Originally Posted by *Tator Tot*


It took a few days. But I'm done now. I've voted and looked at all the logs.


I still haven't had time to look through them all completely. Been too busy at work the last few days.









(reading them at home is painful because of my terrible internet connection. At work we have silly-fast connections to everything.)


----------



## Chipp

Quote:


Originally Posted by *manifest3r* 
I don't really get the hand facing upwards :/

fixed


It was largely done so we could play with the integration into the site layout - the hand is supposed to look as though it is extending out of the black bar below it. We try to have a little fun with it, sorta like the Chimp Challenge chimp is supposed to look like he is reclining against the 't' in .net.


----------



## Sparhawk

Quote:


Originally Posted by *Chipp* 
It was largely done so we could play with the integration into the site layout - the hand is supposed to look as though it is extending out of the black bar below it. We try to have a little fun with it, sorta like the Chimp Challenge chimp is supposed to look like he is reclining against the 't' in .net.

The latest build of opera doesn't render the graphic properly and it shows up a few pixels south of where you designed it to rest. Chrome and IE seem fine with it.









Exhibit A:


----------



## wolfy87

mmm...nice...got to check it out completely...

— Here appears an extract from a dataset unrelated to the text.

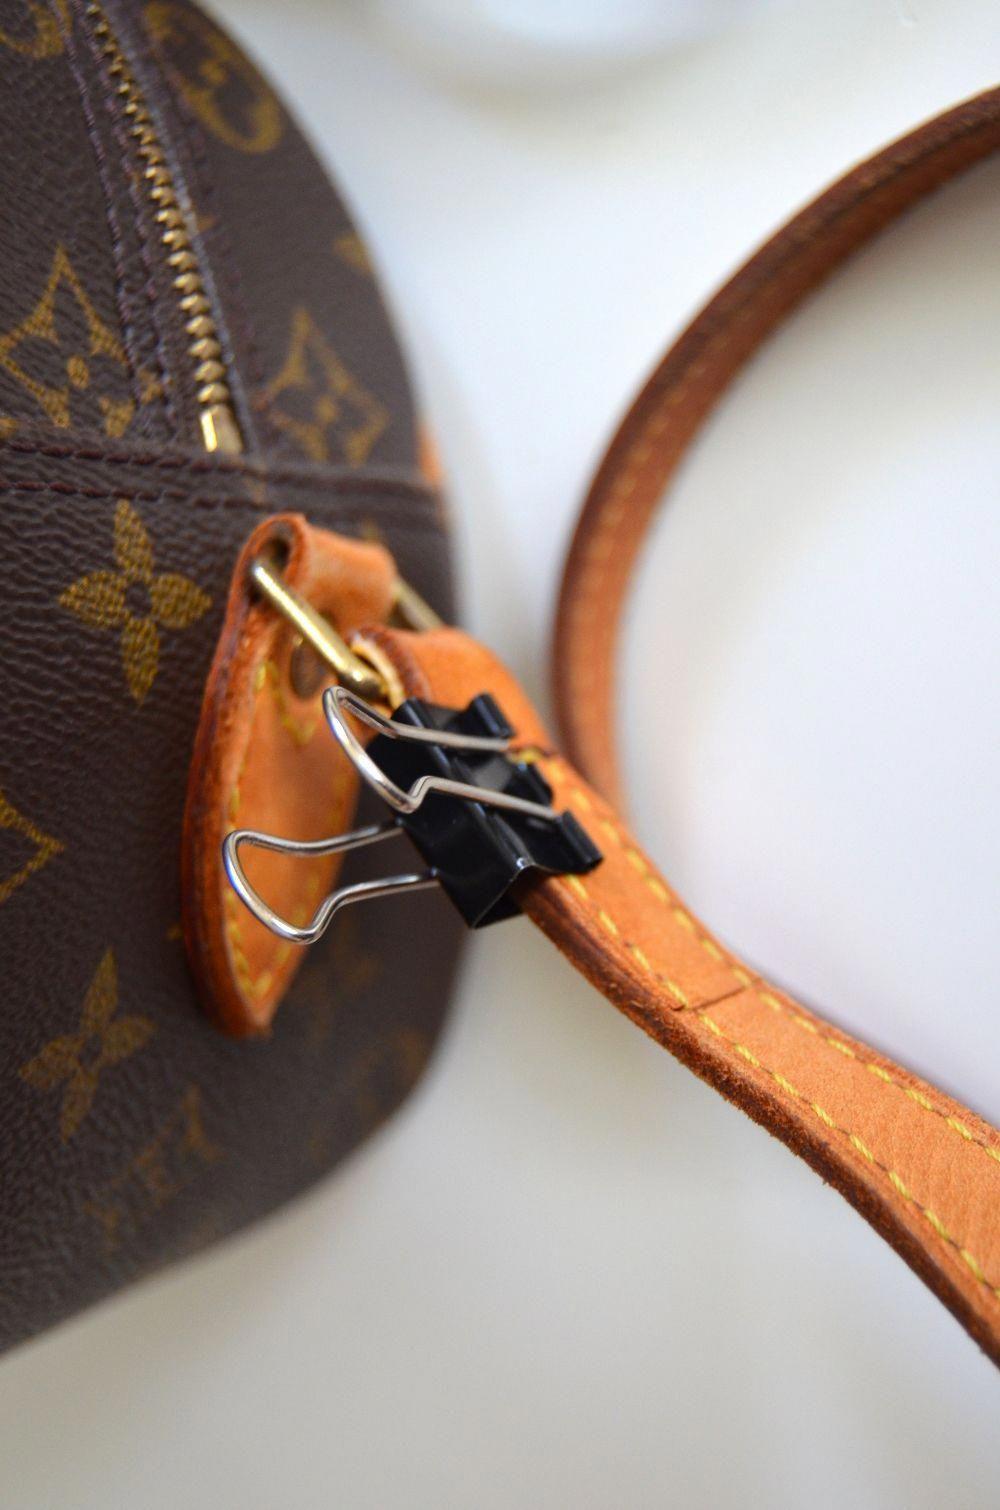 fb7a8f5c6dea how to fix fixing torn ripped broken Louis Vuitton shoulder strap   Louisvuittonhandbags. Visit. January 2019

hope syrilian made something extraordinary again...


----------



## Chipp

Quote:


Originally Posted by *Sparhawk* 
The latest build of opera doesn't render the graphic properly and it shows up a few pixels south of where you designed it to rest. Chrome and IE seem fine with it.









Exhibit A:









Hmm, that is odd - is that the latest stable release, or a daily build/test release?


----------



## Sparhawk

Quote:


Originally Posted by *Chipp* 
Hmm, that is odd - is that the latest stable release, or a daily build/test release?

Version
10.60

Build
3445

EDIT: just submitted a "site problem" to the opera developers.


----------



## Tator Tot

Quote:



Originally Posted by *Chipp*


Hmm, that is odd - is that the latest stable release, or a daily build/test release?


It's just a site with 10.60's rendering. Which is slightly out of place. The Latest News box also extends to the farthest point of a topic's title. And not limited to the pixel limitation.

This should be fixed soon though. Nothing you guys can do I don't think.


----------



## IEATFISH

Bump, has everyone seen this AND voted? I think not.

edit: GASP, it's over. fail. Wish we would have had a better turn out.







There were some truly amazing mods.


----------